Of course, I would like to see this technology outside of demos and there's still some concern about network performance, mostly because multiplayer is server based and would require acceleration on the server. However, if acceleration can be done serverside, LL could, in theory, upgrade their servers without having the residents need to upgrade their machines. I think price point they're shooting for is 100-300 dollars per card, which could still be doable by LL (total server upgrade would be low-end, $50K to $150K. If LL can have keep a base of 5,000-15,000 Premium accounts or bring in that many more noobs thru Basic, it could be very doable).

Bond Harrington said...

Hey Hiro, I got some breaking news on this subject. In case you haven't heard about, Anshe Chung just added four private damage-enabled (Jessie II) or damage-optional sims (Solaris, Centari, and Naboo). I had a discussion with her about it, and they're still under construction. I think this was the big impetus for the talk about the combat island cluster on the forums.

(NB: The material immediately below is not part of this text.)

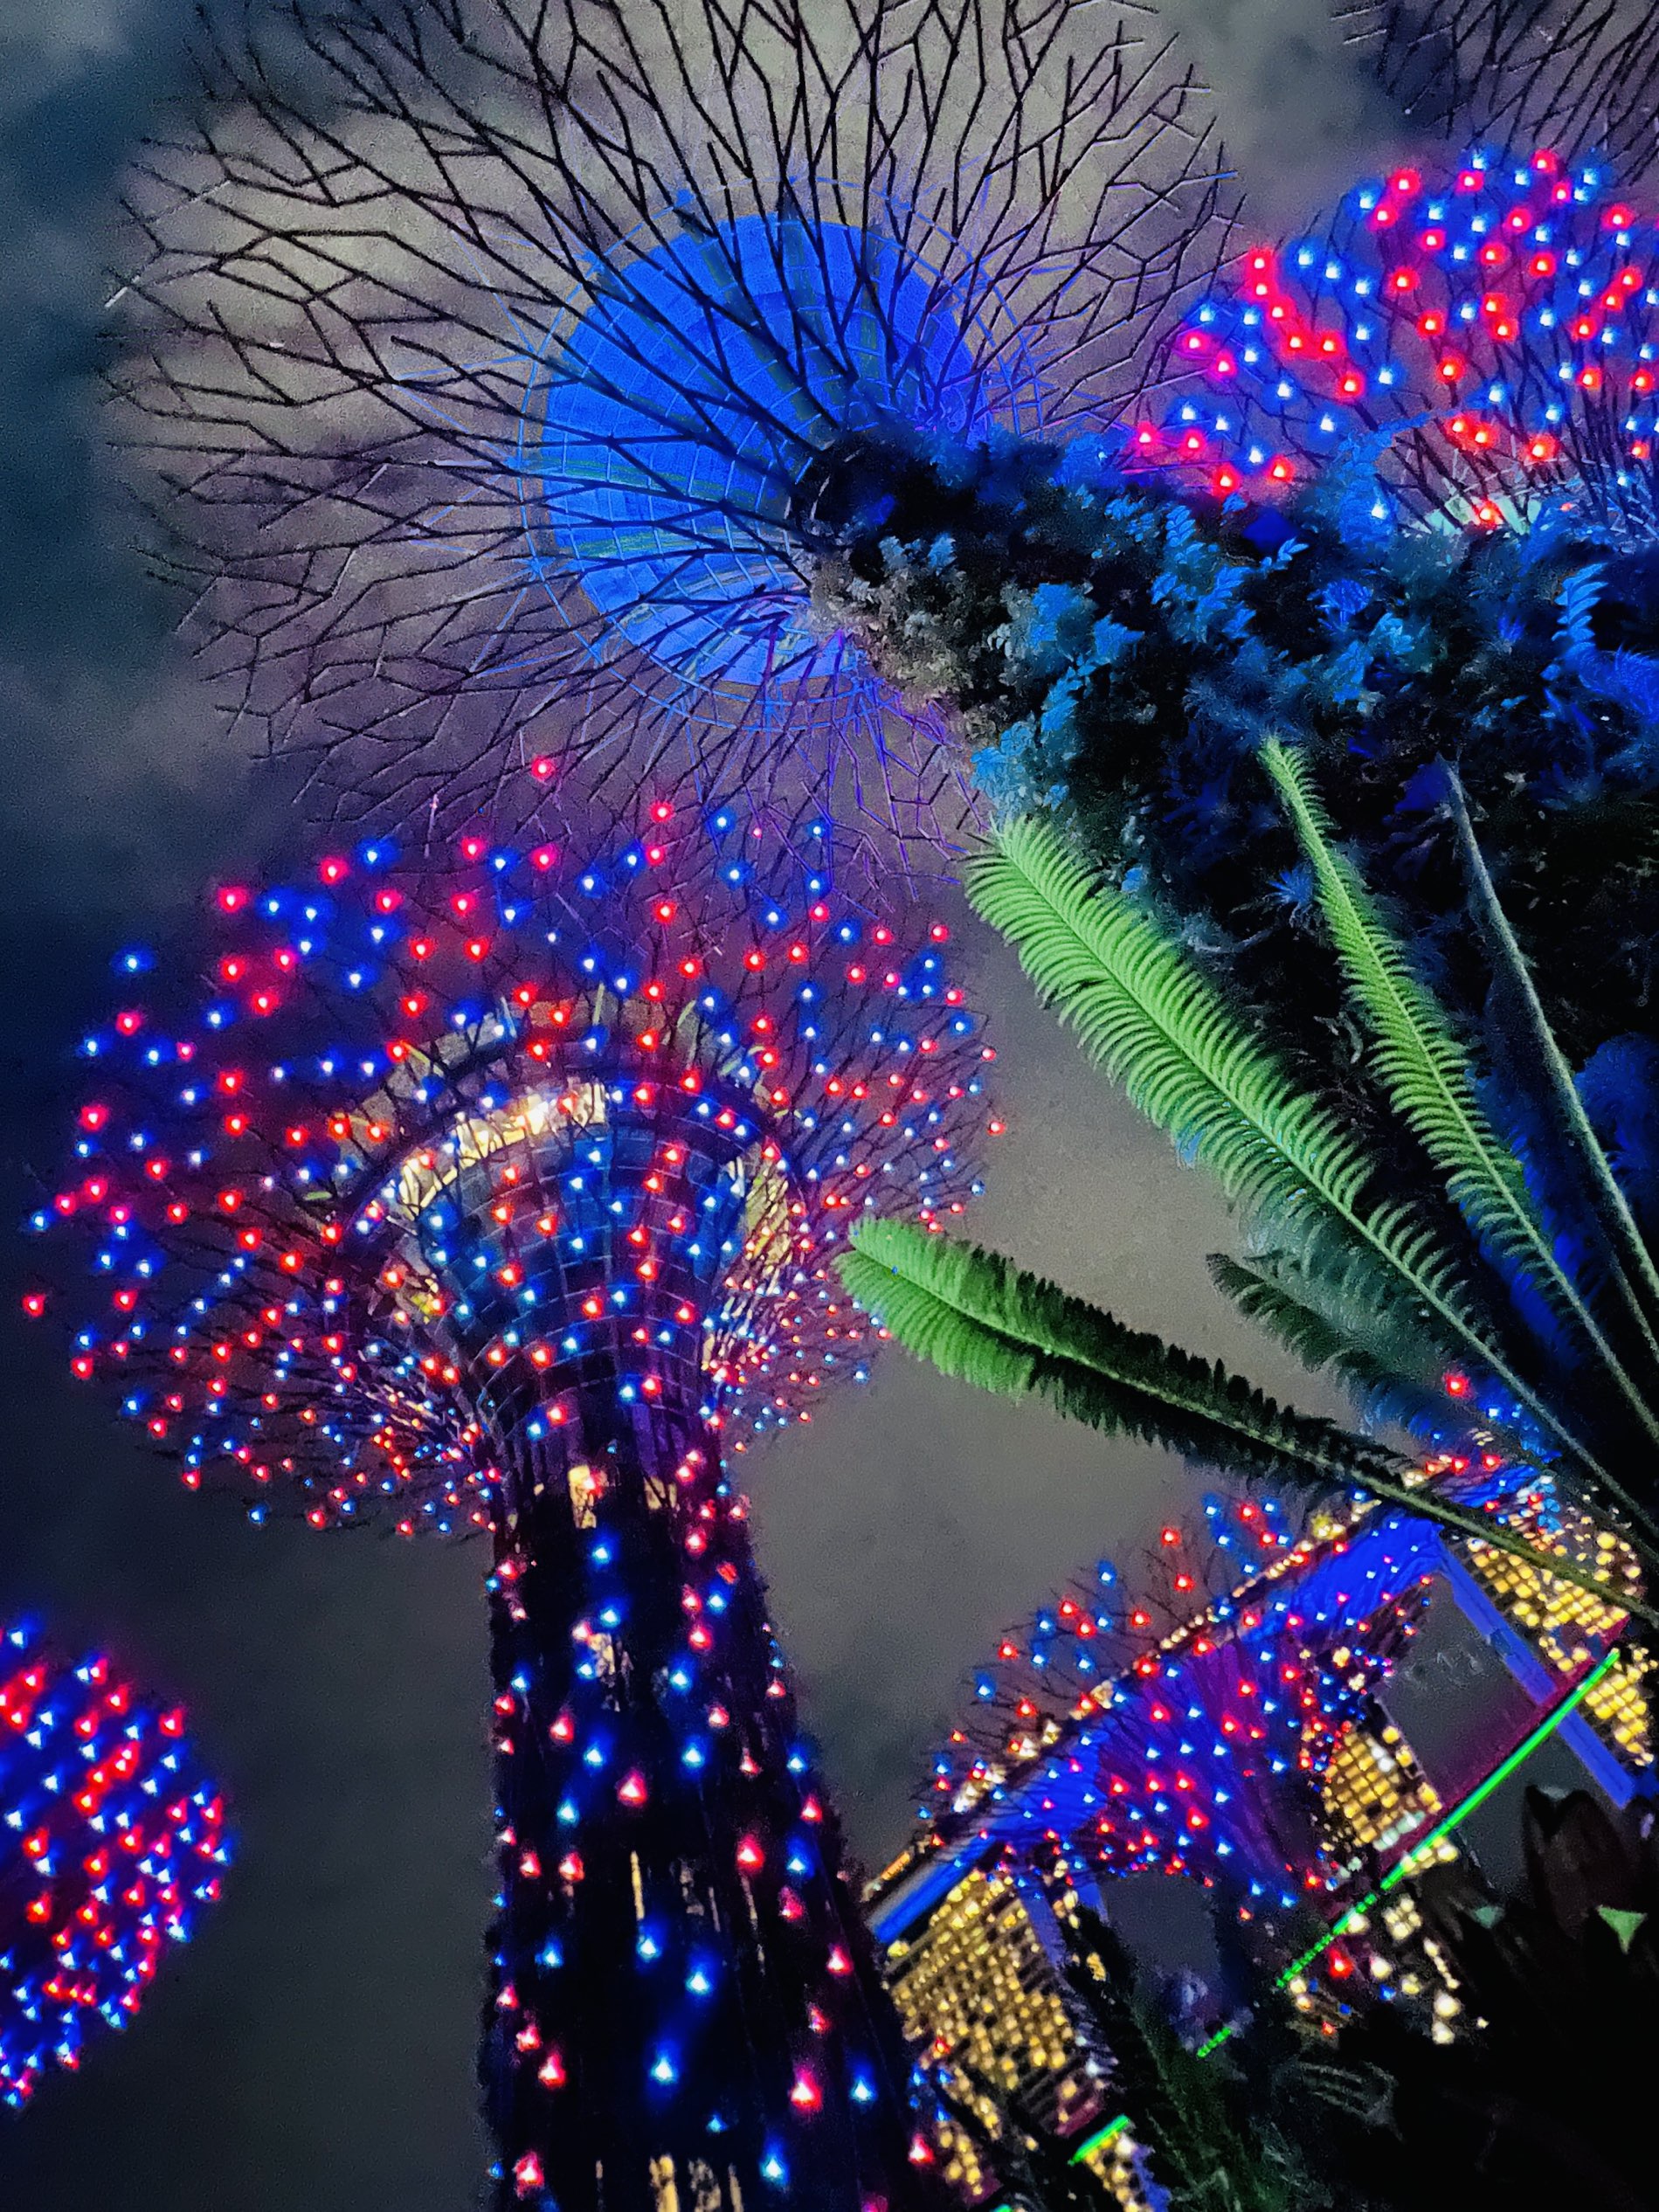 Singapore's Gardens by the Bay Light show | Trip.com Singapore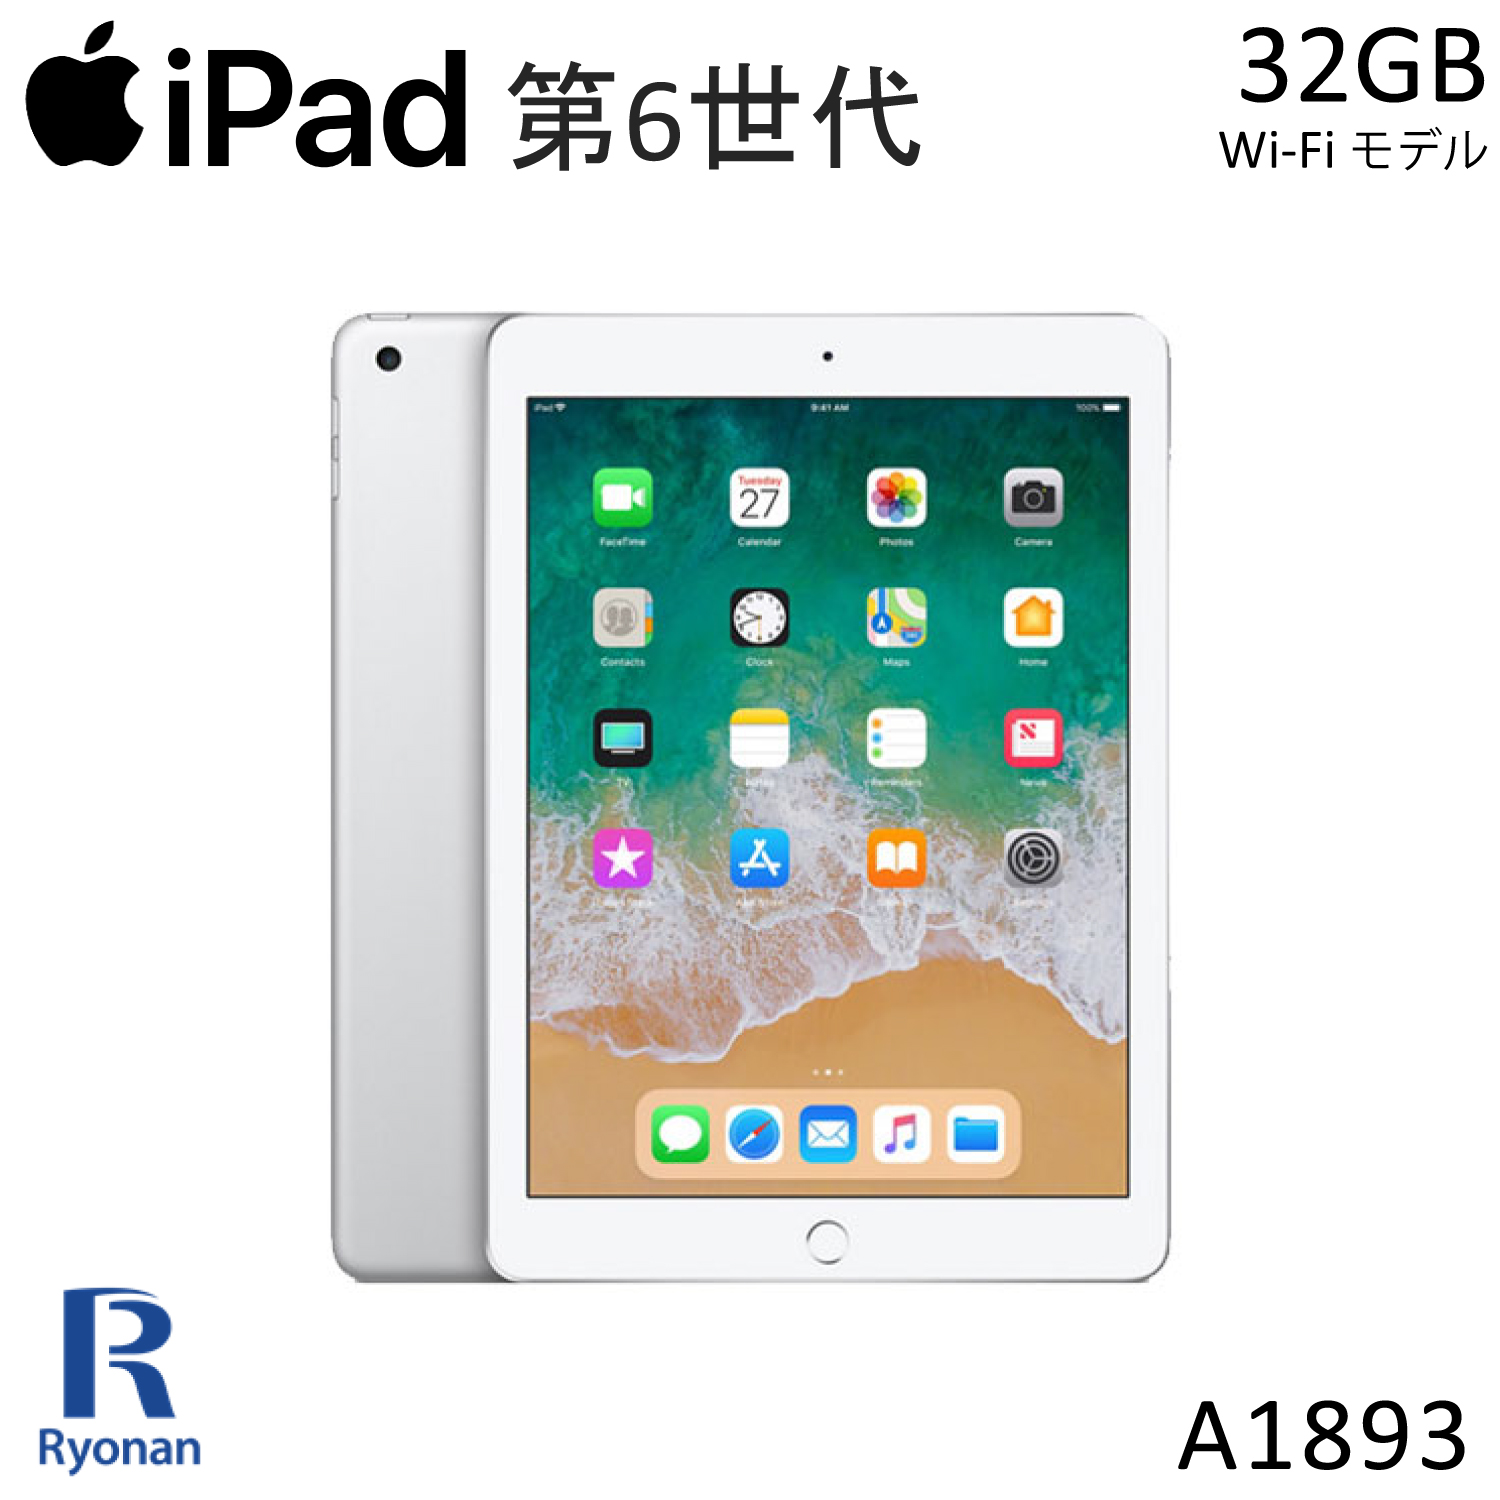 初期設定不要 すぐ使える 海外限定 品揃え業界トップクラス 日本全国送料無料 遼南商店 中古パソコンRYONAN 安心保証付き iPad6 2018年モデル Wi-Fi シルバー Retinaディスプレイ 第6世代 Apple アイパッド A1893 Wi-Fiモデル 32GB 中古 限定タイムセール iPad 9.7インチ タブレット

Now, if only they can fix the sit-phantom cheat...

Anonymous said...

It seems to me that this that will never be satisfactually fixed (Or rather, implemented). FPS games have to be very carefully designed and tuned to provide the responsive, tactile feel that gamers come to expect and this is something that would require drastic improvements to hardware, bandwidth and flexibility to reproduce in a general purpose enviroment like SL.

If they put a lot of work into making some very special stripped down combat specific sims and a load of combat specific client additions and improvements it would start to resemble real FPS games. Without that (And I extremely doubt that will happen) SL will only be good for slower games. The changes you suggest would allow for much better MMORPGs like Darklife but FPS would still be far out of reach.

Anonymous said...

Maybe the point has been missed entirely. There are millions of places people can go to fight eachother. The crux of SL is social and creation.

The benifits of SL (building and scripting creatively) is counter with combat goals. Why not use SL as a method to connect to go play a game that designed to do exactly what you want, there are dozens of them that are free FPS. Perhaps a better system is allow for a connect from SL to external aps - this could allow people to meet in SL and launch their combat zone.

Of course I beleive the combat system in SL should just be scrapped....and not bothered to be replaced.